__Task requirements__: Without any pictures, print the lines below from the one that has "Piles of fresh onion shallots and garlic" through the one that has "DFG ナビゲーター クールジャケット", exactly and nothing else.

__Task material__:
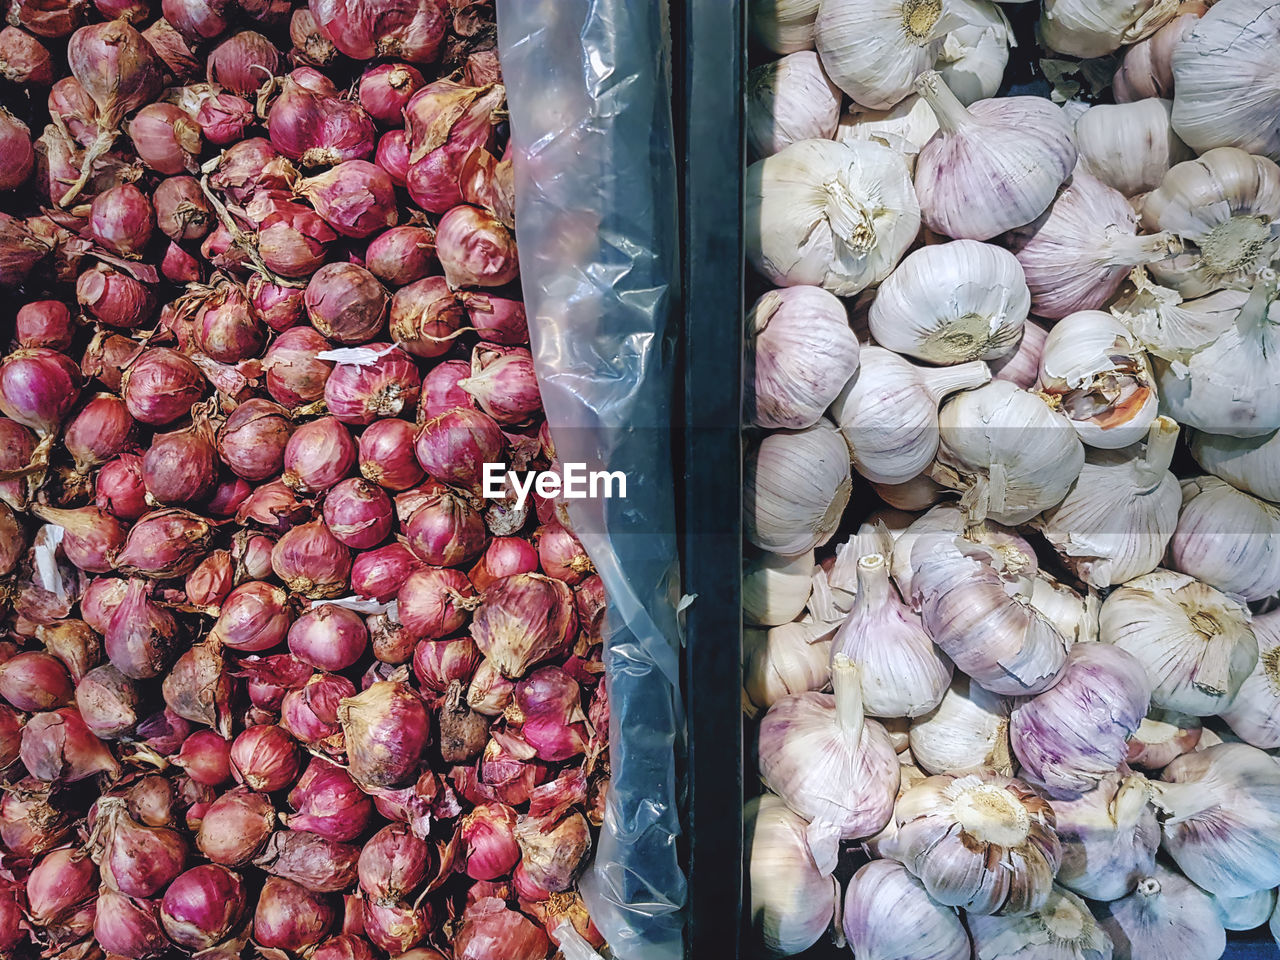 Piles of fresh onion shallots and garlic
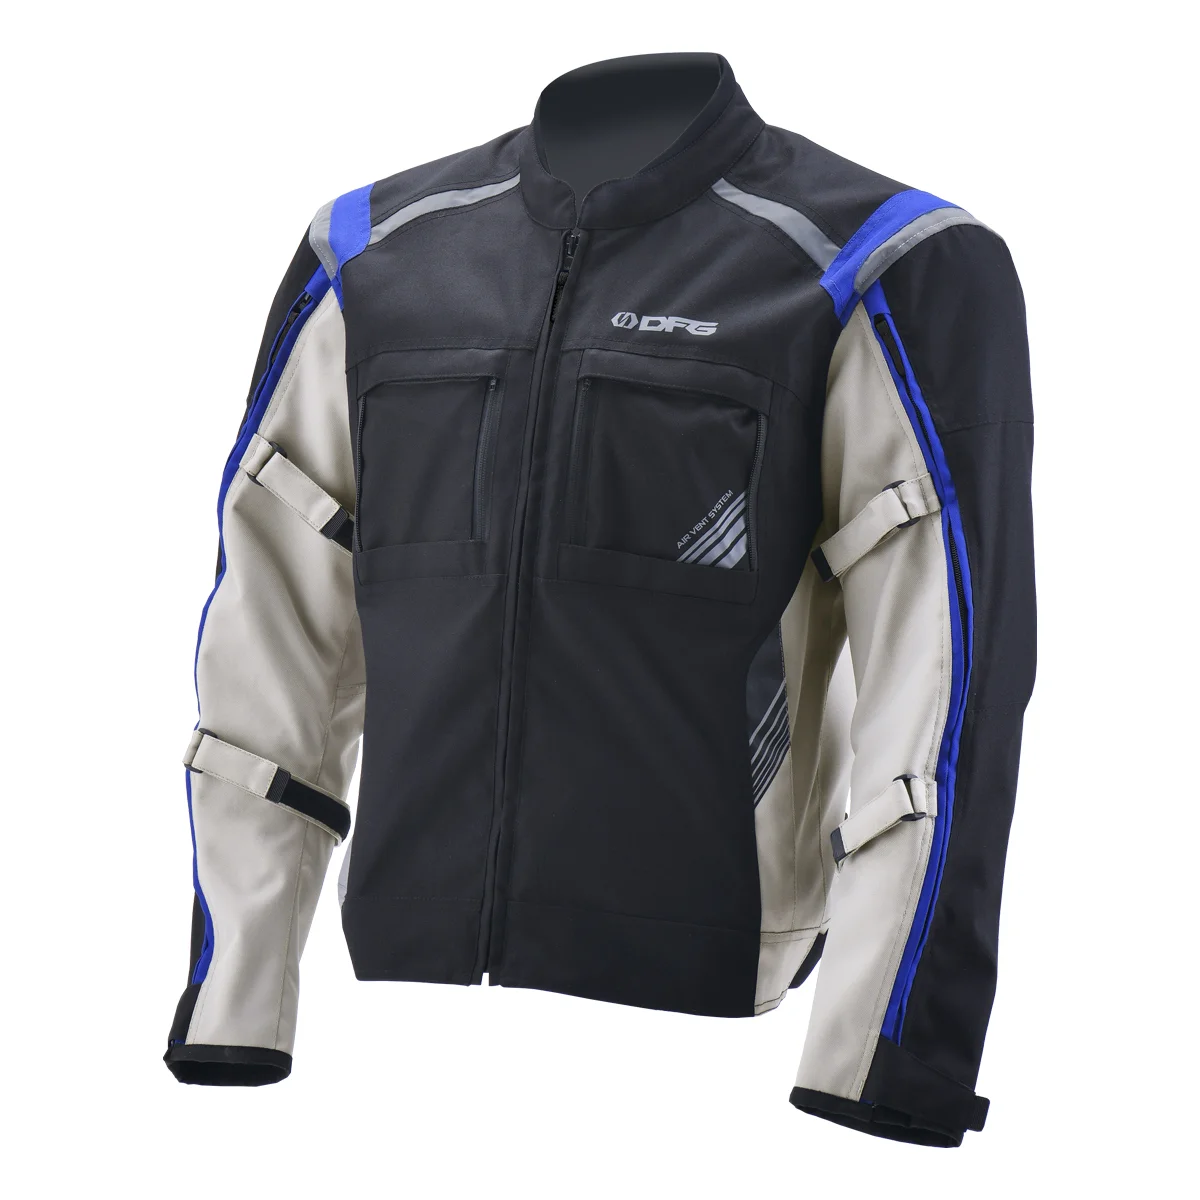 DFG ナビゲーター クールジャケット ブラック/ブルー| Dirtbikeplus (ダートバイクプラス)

--

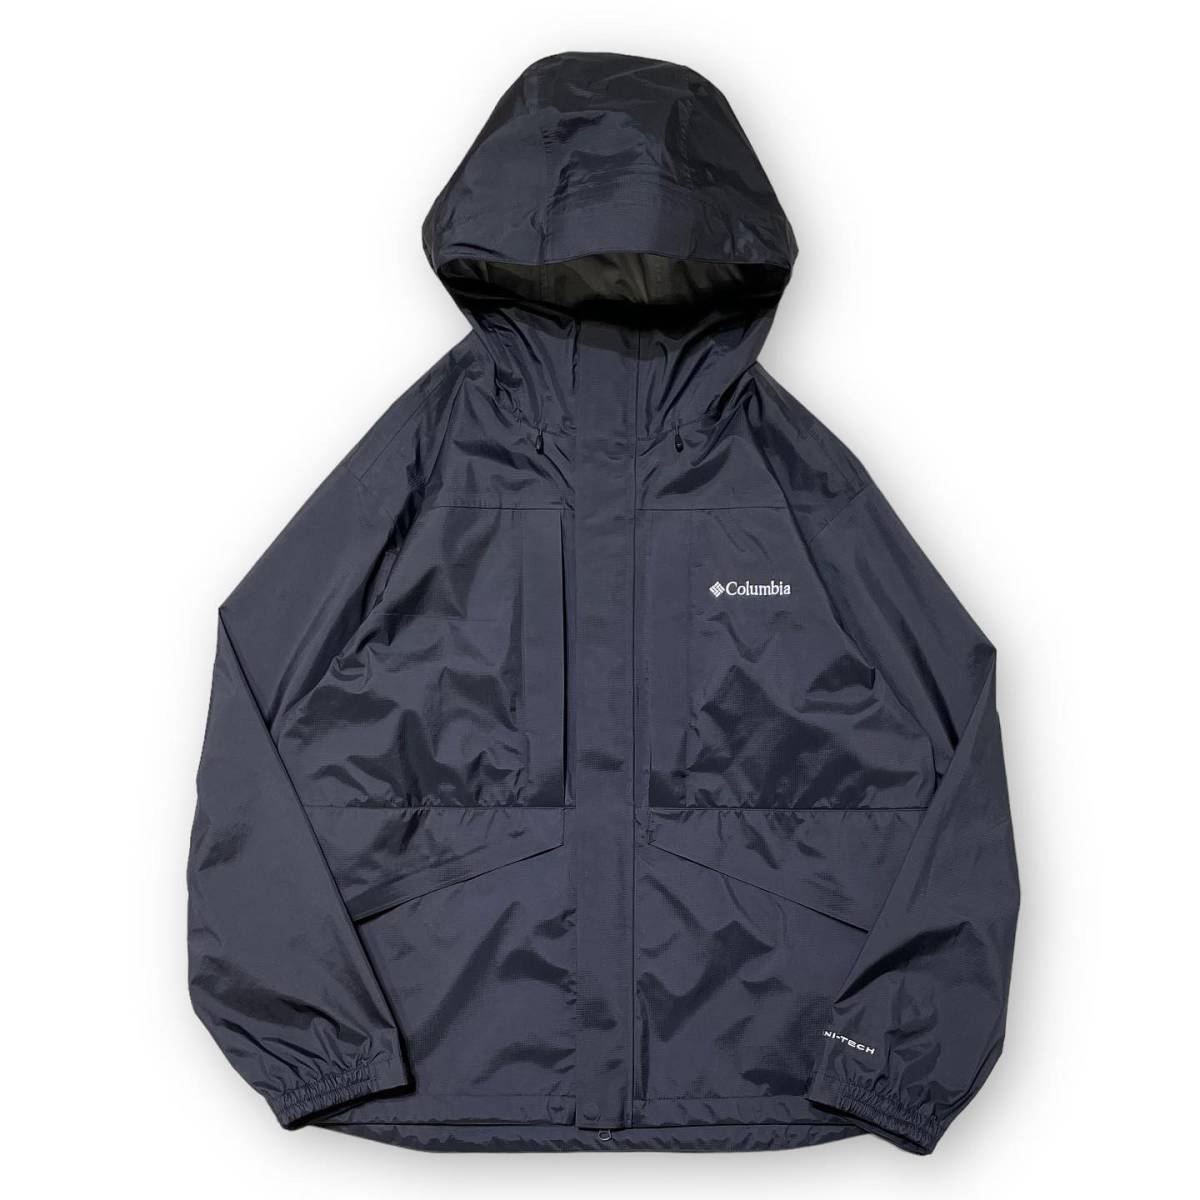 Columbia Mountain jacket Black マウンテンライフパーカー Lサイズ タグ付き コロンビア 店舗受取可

---

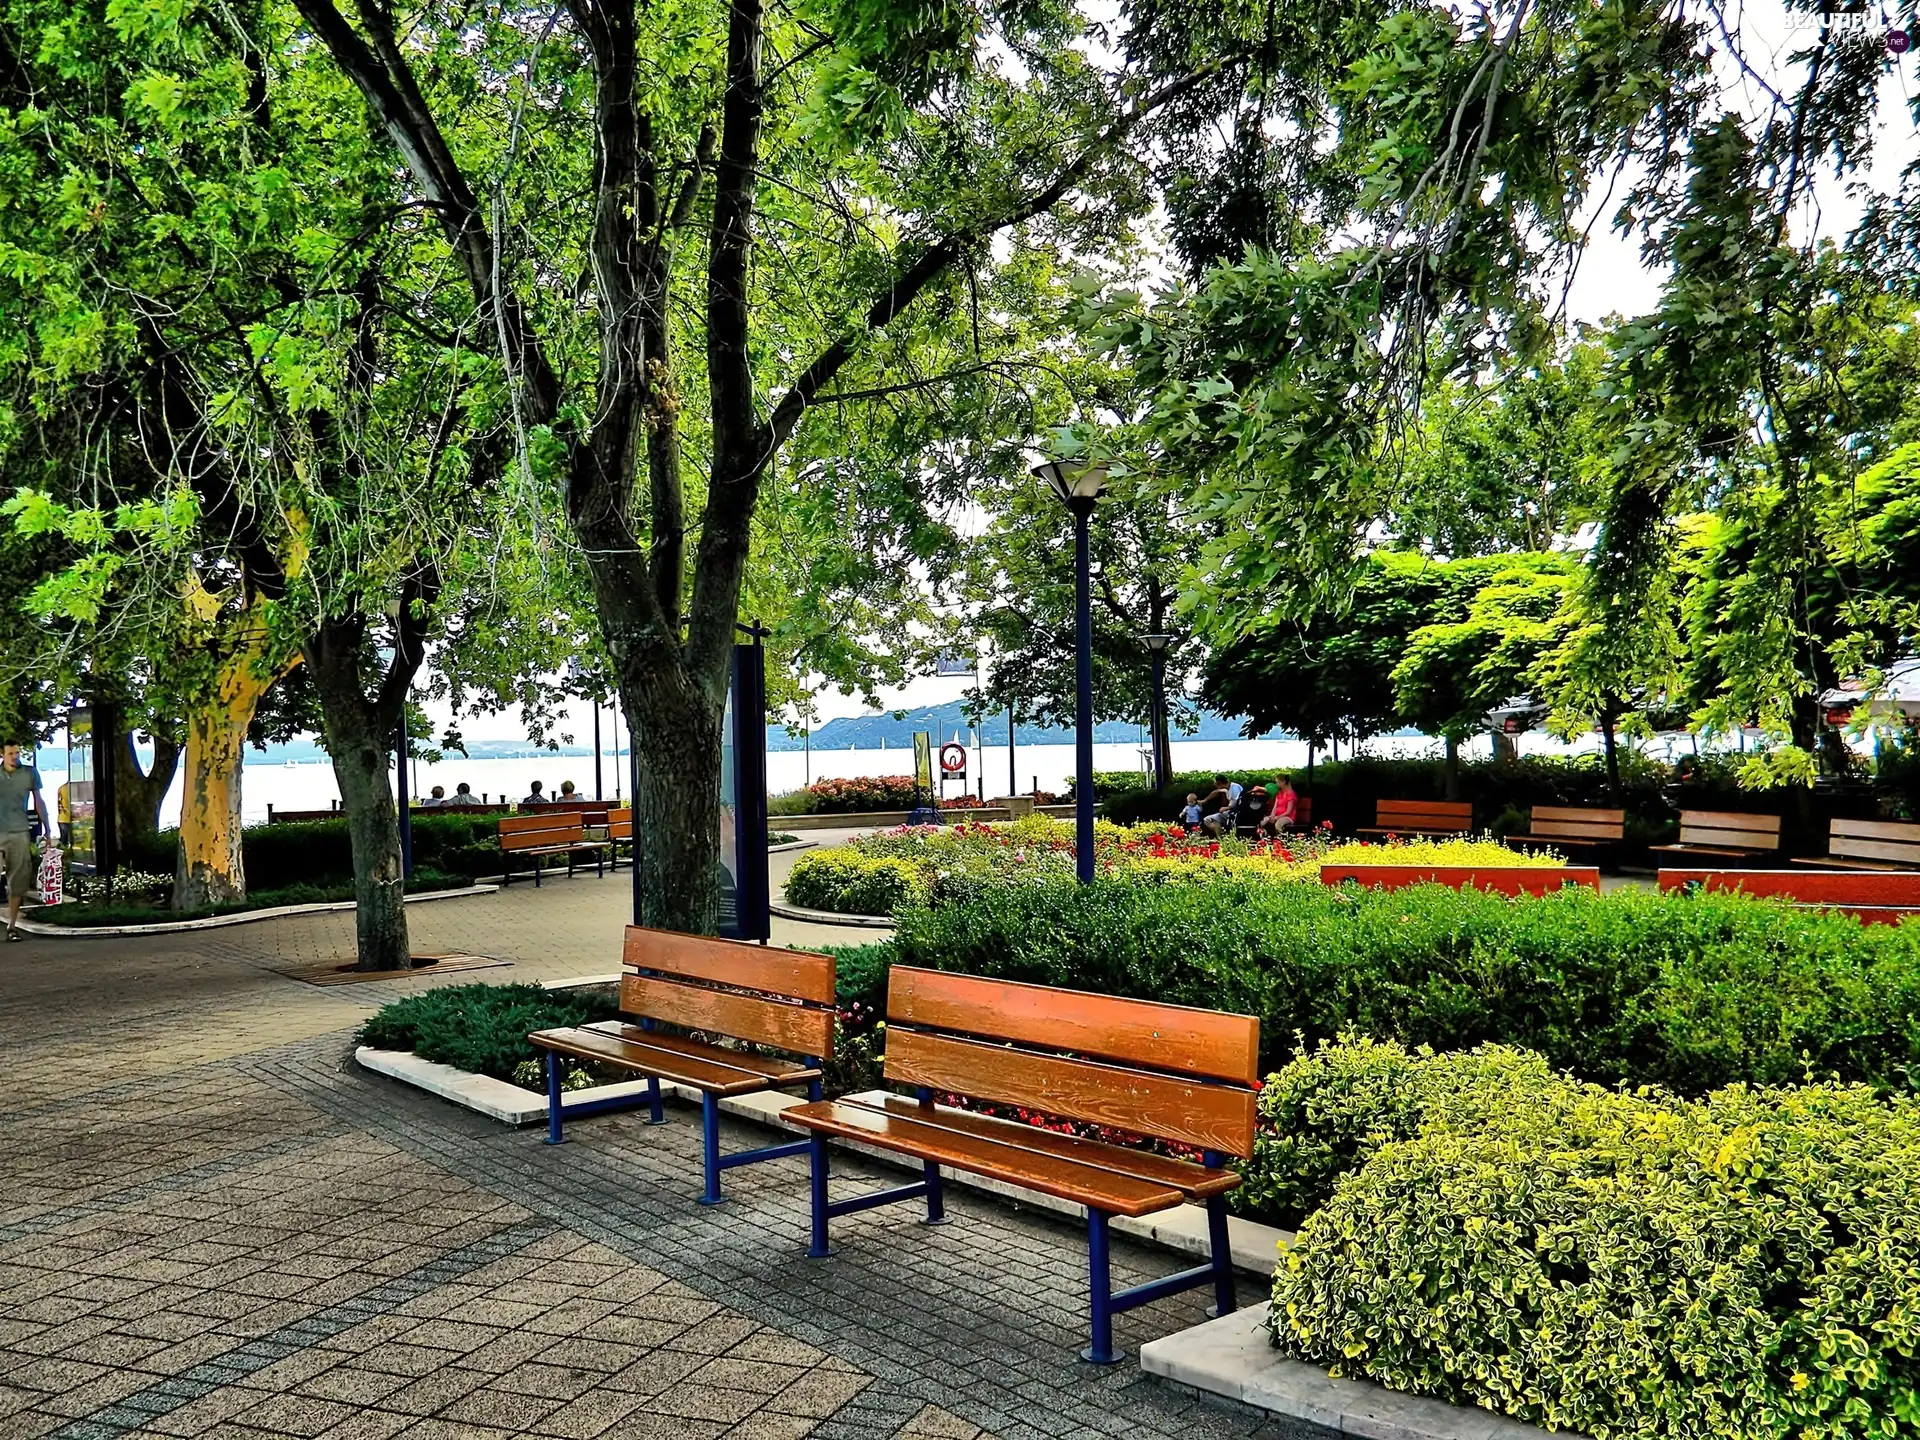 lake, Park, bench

__Response to this task__:
 Piles of fresh onion shallots and garlic
 DFG ナビゲーター クールジャケット ブラック/ブルー| Dirtbikeplus (ダートバイクプラス)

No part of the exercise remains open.